- [What you have to do] The full listing, copied exactly and free of pictures, is the expected reply.

- [Stored data]
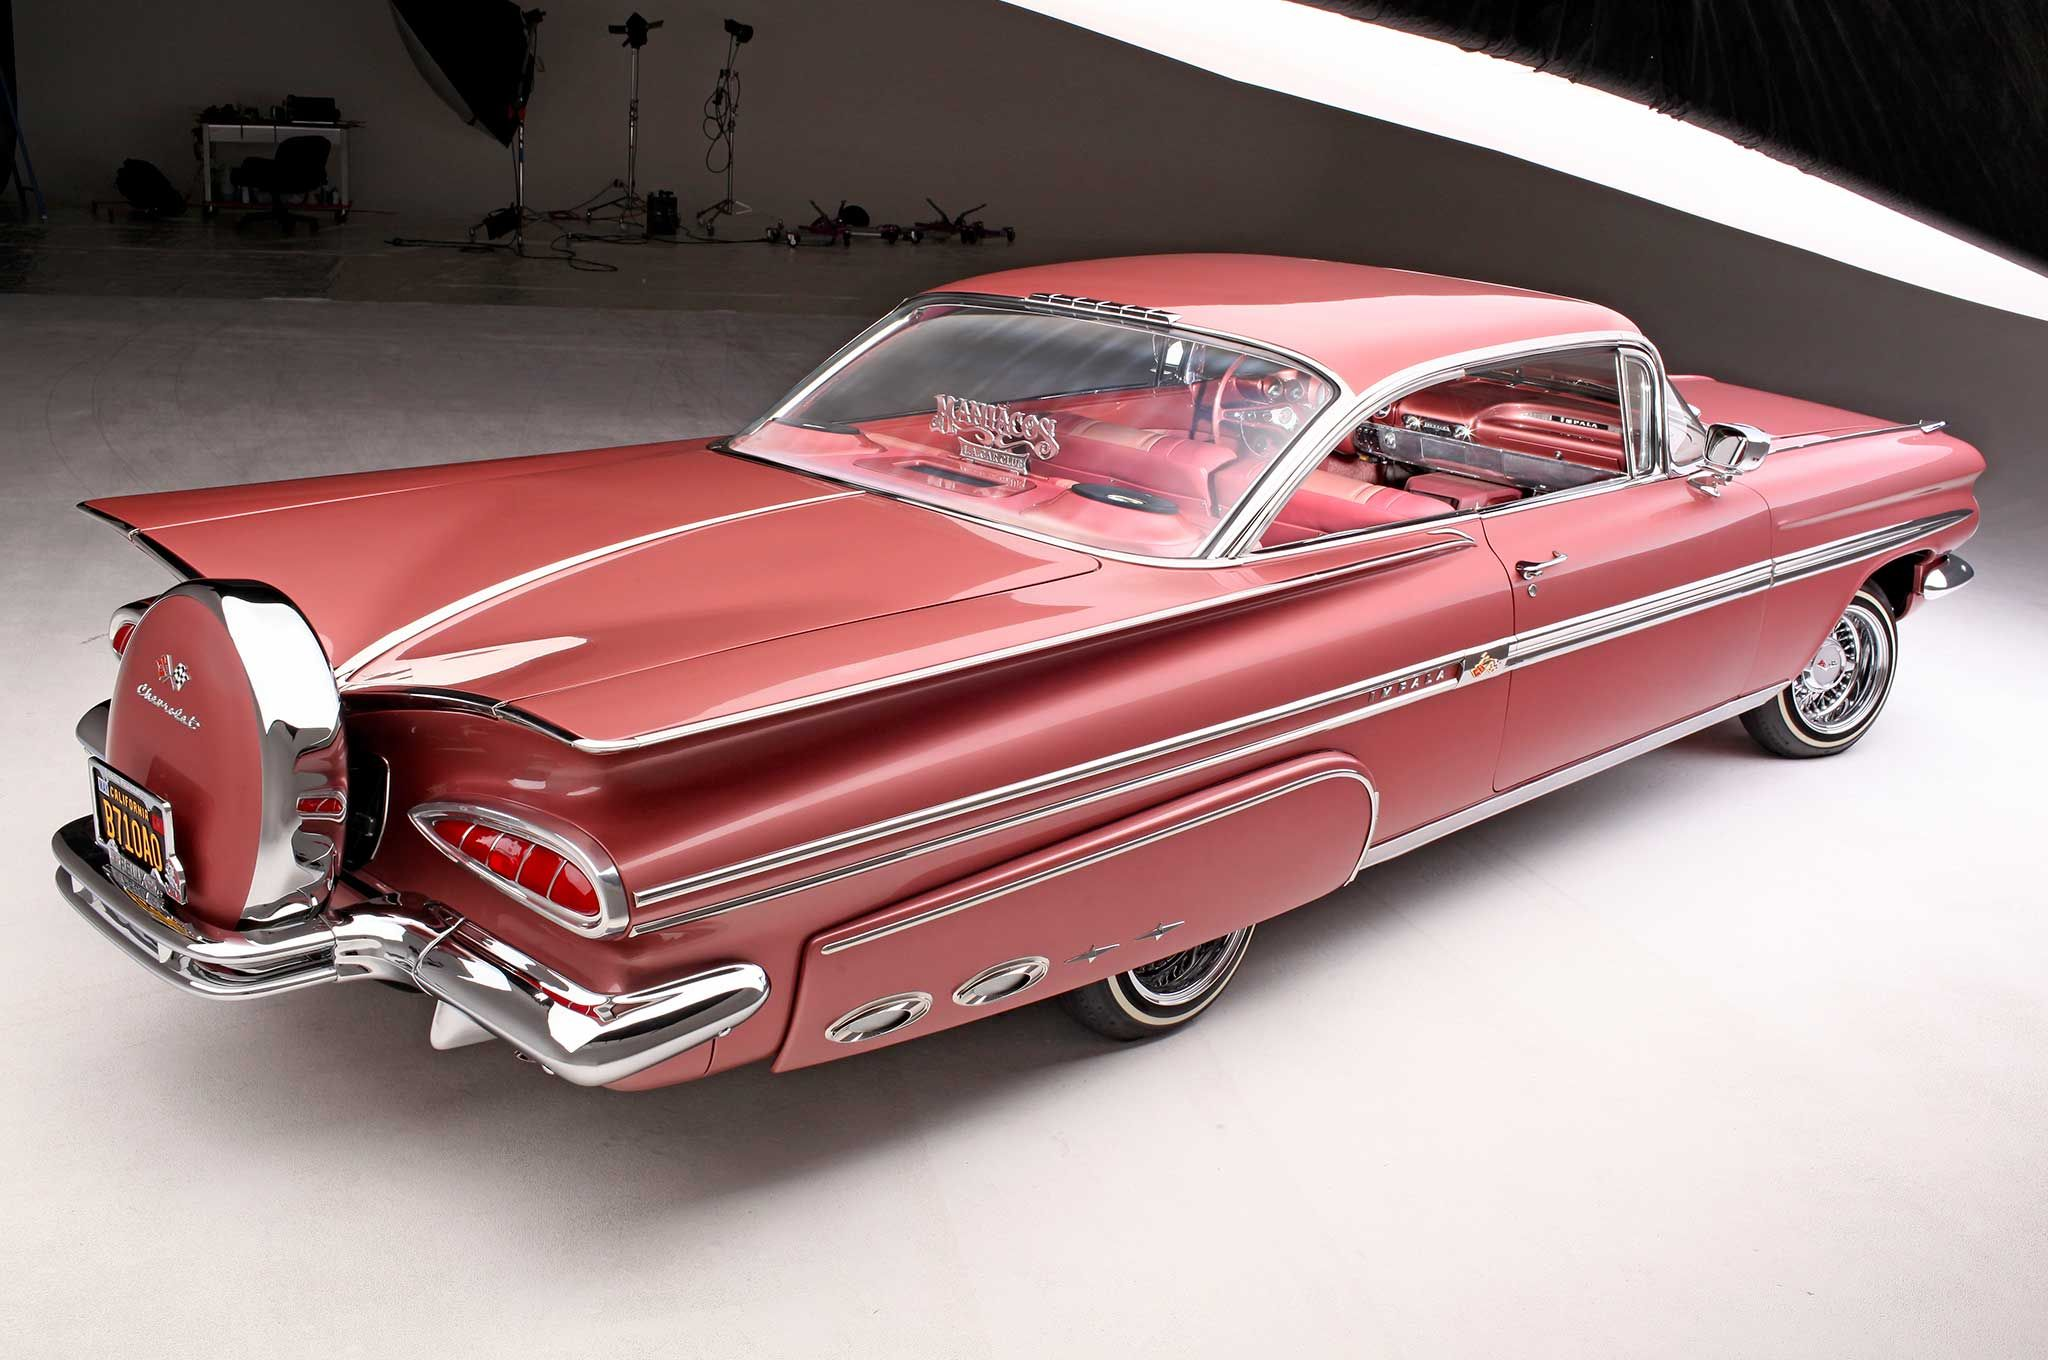 hight resolution of 1959 chevrolet impala passenger side rear quarter view 014
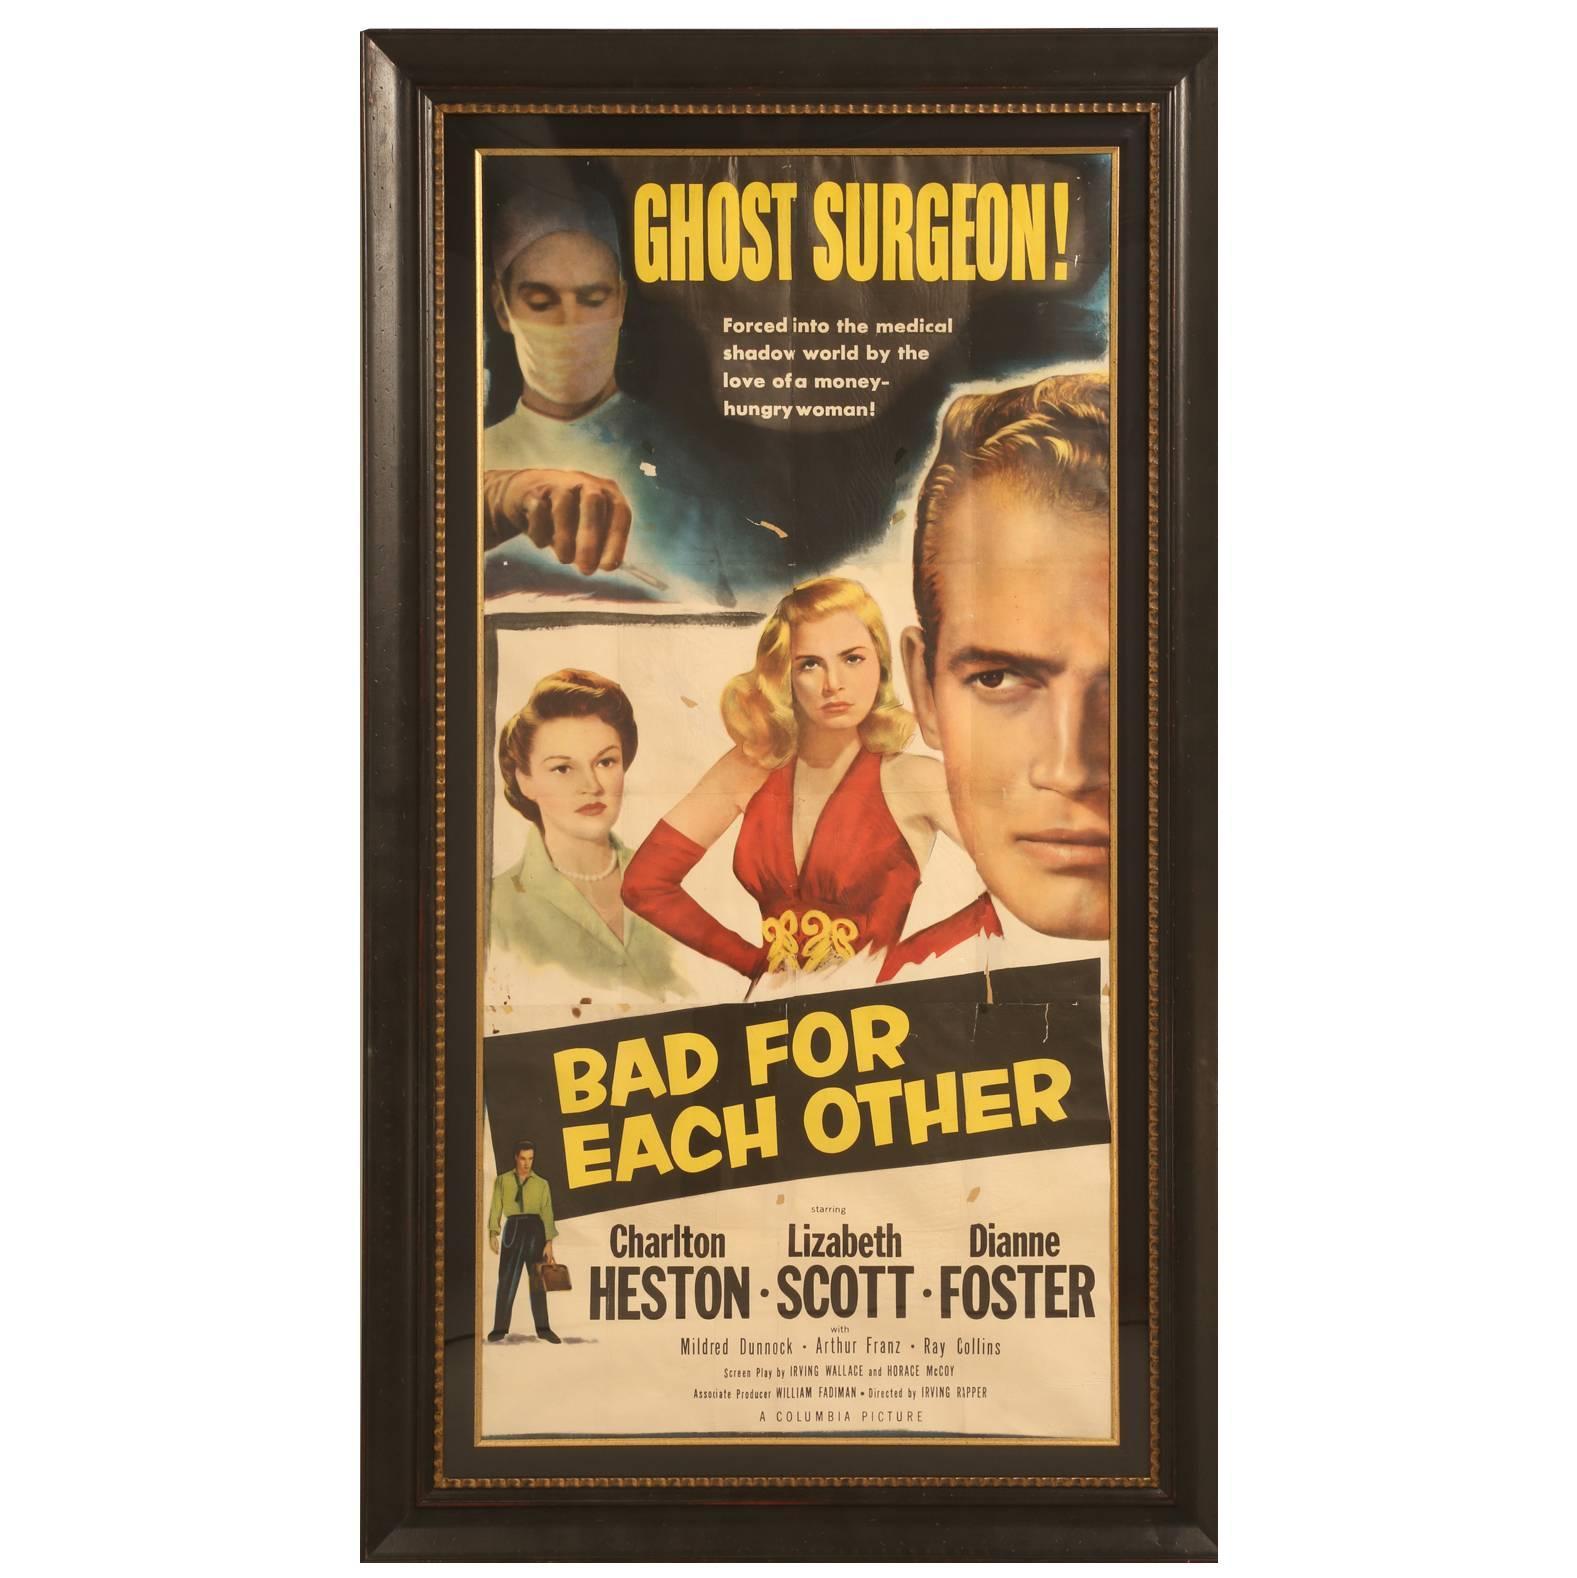 Movie Poster with Charlton Heston, circa 1953
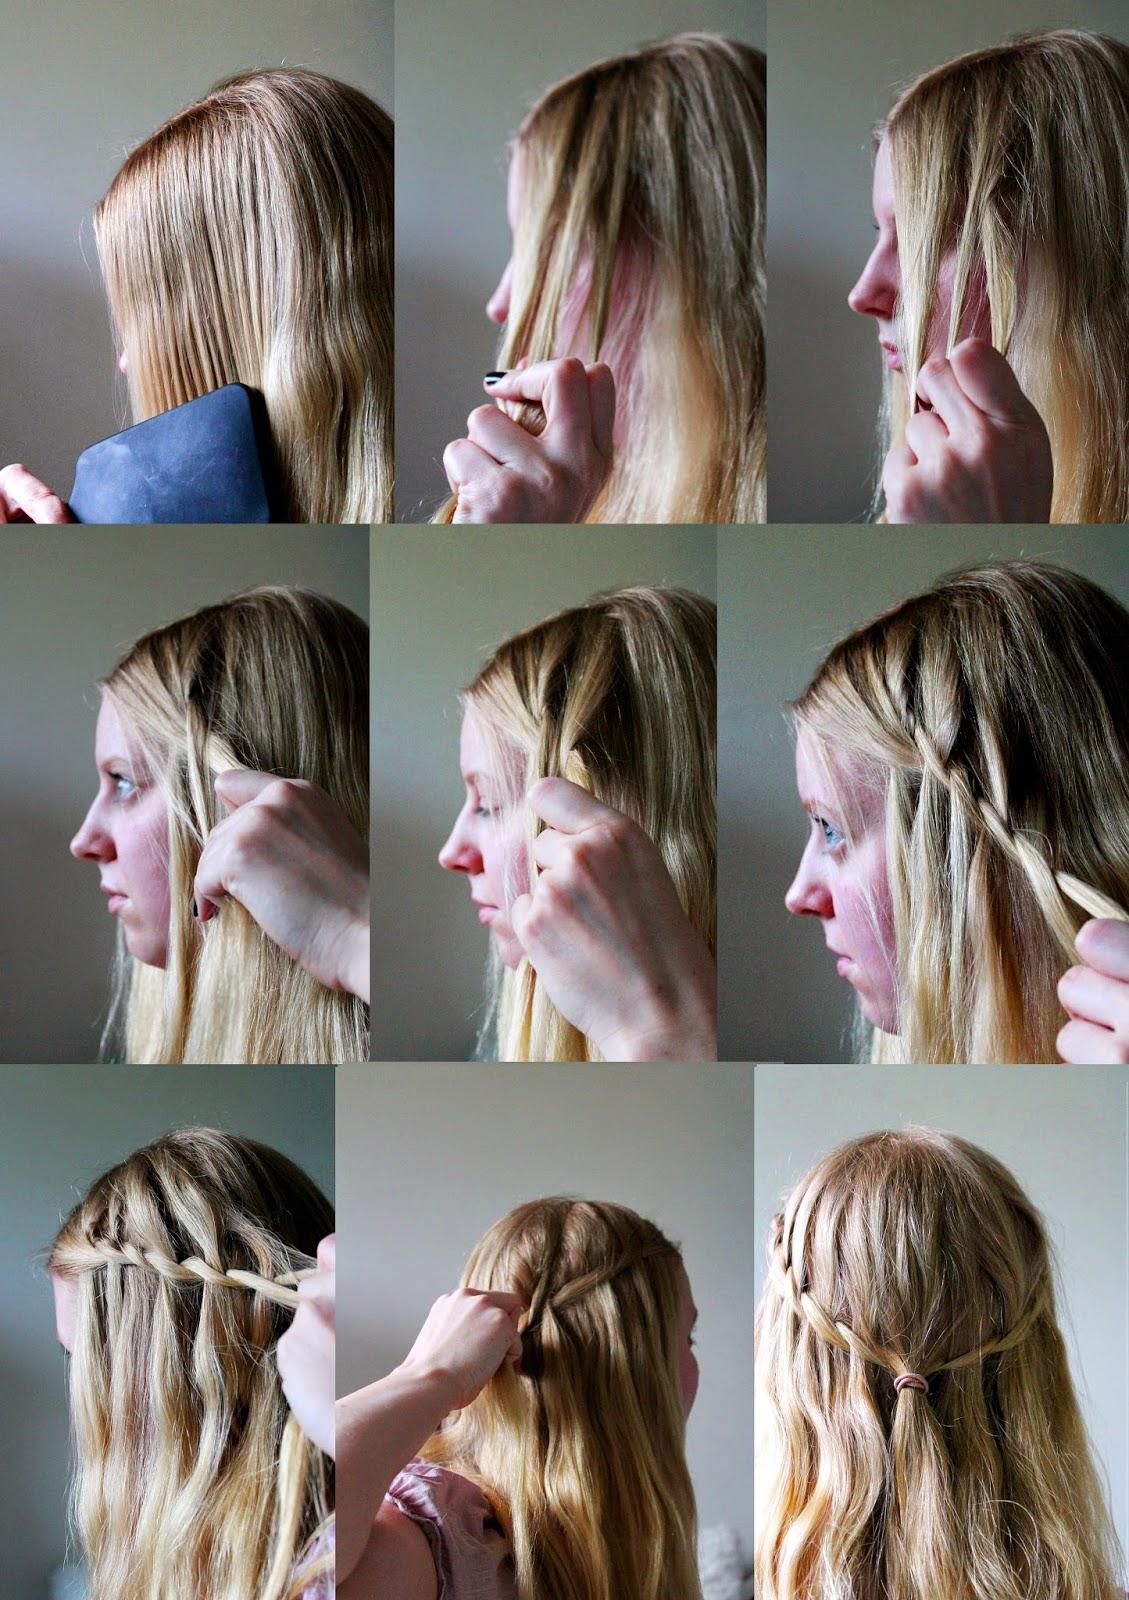 Waterfall braid how to | Alinan kotona blog
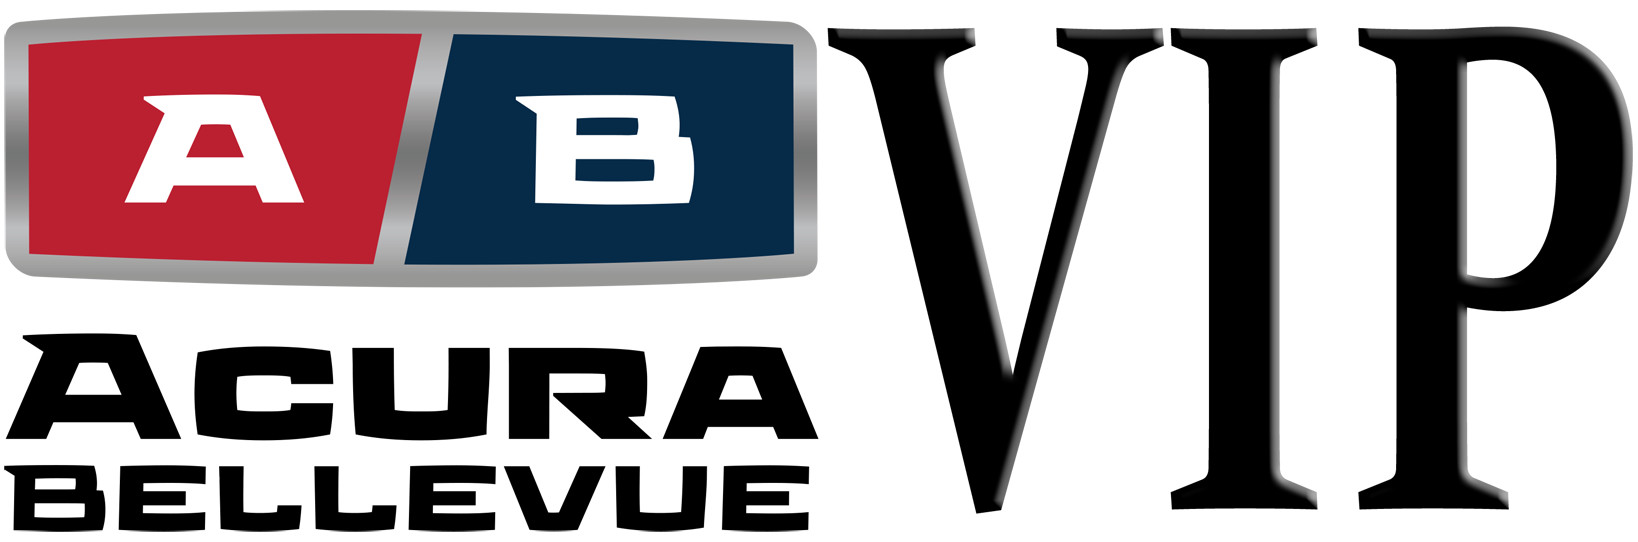 Jay Wolfe Acura >> Acura Font - NewsGlobeNewsGlobe

- [Task solution]
 hight resolution of 1959 chevrolet impala passenger side rear quarter view 014
 Movie Poster with Charlton Heston, circa 1953
 Waterfall braid how to | Alinan kotona blog
 Jay Wolfe Acura >> Acura Font - NewsGlobeNewsGlobe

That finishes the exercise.